We continued the trip. The Navajo Nation Fair was an amazing event. We saw more rugs on display — if I hadn’t already bought one, I would have bought one at the fair — ate mutton, saw traditional dancing and costumes, and watched the country’s only all-Indian rodeo, which was announced in both English and Navajo.

After two days of that — staying in a Gallup Hotel because Window Rock’s were booked — we headed out to Canyon de Chelly near Chinle, AZ. This is a National Monument with limited access. Because we had a 4WD vehicle, we hired a Navajo guide who rode with us in the Jeep and told us about what we were seeing. I loved the sound of his voice and the way he phrased things and repeated certain things in almost a sing-songy way. It was there that I learned about the brutality of Custer and his soldiers and got an idea of how mistreated Native Americans were in the 1800s. When I saw a point of interest — some rock formation — and asked him about it, he was strangely quiet. I asked him if there was some significance to the place that they didn’t share with visitors and he nodded. I asked him if there were many places in the canyon like that and he nodded again. I didn’t ask any more. I respect the culture and privacy of these people. Not everything needs to be a tourist attraction or photo opportunity.

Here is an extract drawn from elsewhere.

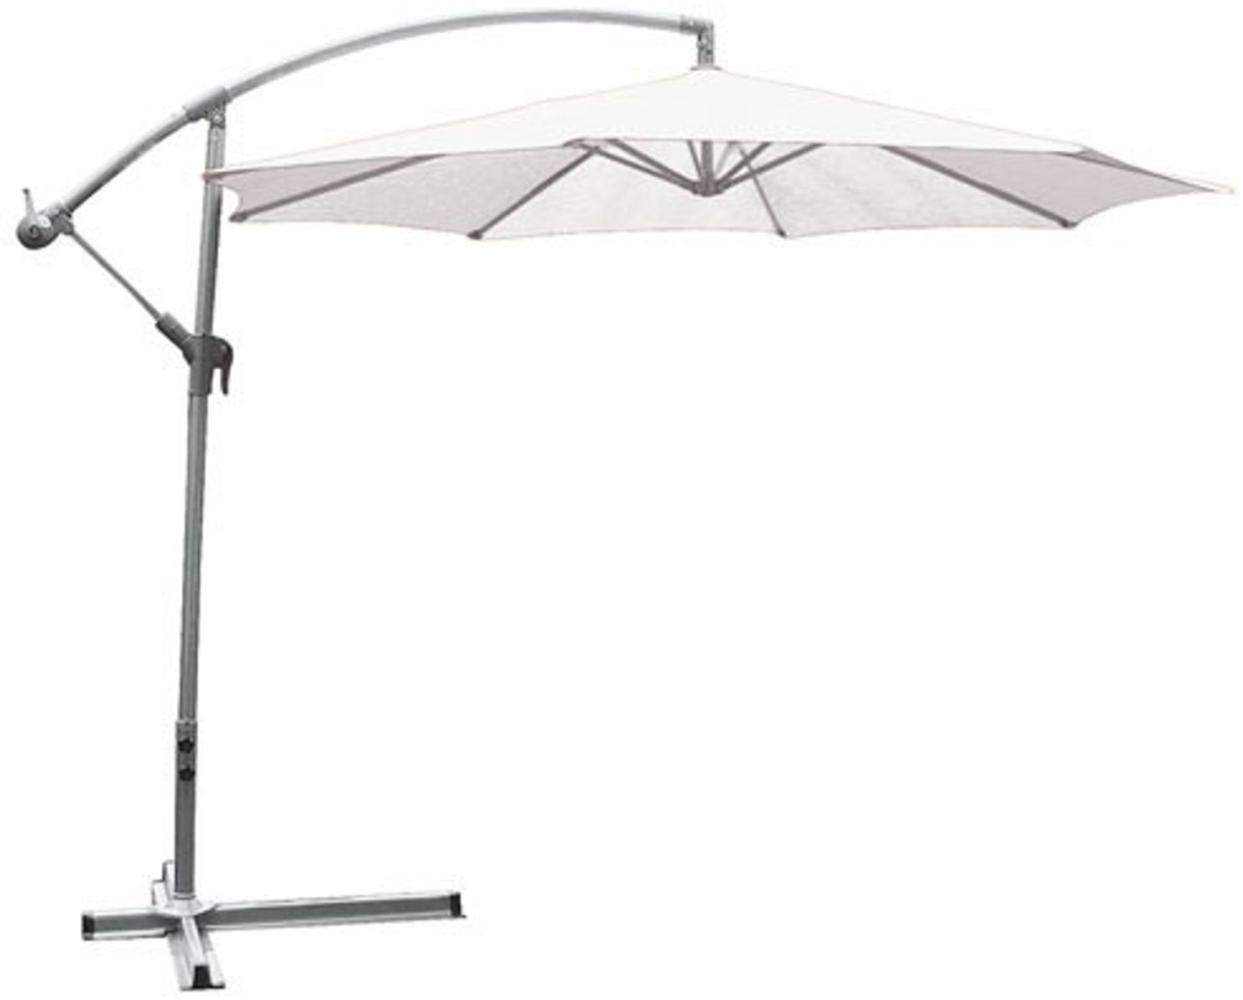 Deluxe-Ampelschirm weiss 3m Sonnenschirm Marktschirm Gartenschirm Schirm Bild 1

I don’t remember getting into Monument Valley on that trip. I suspect we went home right after Canyon de Chelly. I do recall exploring a road back near Tuba City with views down from a mesa top and seeing petroglyphs that weren’t on any map. Real exploring — not following tourist guidebooks — that’s how I like to travel.

Certificate of Authenticity
The Certificate of Authenticity, with a photo of the weaver, hung beside the rug for years.

I got home with the rug and, with my wasband’s assistance, hung it on the wall as described above. I took the tag, which featured a photo of Ms. Mountain holding up the rug, and asked my friend Janet’s partner to mat and frame it for me. It hung on the wall beside the rug. (I just spent about 30 minutes looking for a photo of how they hung together but can’t find one — all the photos I have of my house’s interior are either of damage/neglect by my wasband while I was in Washington or after I’d begun packing. As I mentioned earlier, the rug was one of the first things to be packed.)

Postscript

Time marched on. Although that was one of the most memorable trips of my life, it was not to be repeated. Shorty married Martin to keep him from getting booted out of the country. I was maid of honor/witness at the crazy Las Vegas wedding. Later, Shorty met her “soulmate,” a retiree from Britain who stayed at the dude ranch where she worked. Their courtship lasted a few months, during which time I assume she and Martin were divorced. But the wedding plans fell through and it wasn’t long before both she and Martin fell out of my life.

I went back to the Navajo Nation Fair the following year. It was a non-event. The Navajo young people were wearing the same falling-down pants as the rest of the brain-dead youth in our country and much of the charm I’d experienced the year before was gone. You know what they say: you can never go back. This is a perfect example.

But the rug remains and now it hangs in my new home to be part of my new life.

I’m glad to have it and the memories that go with it.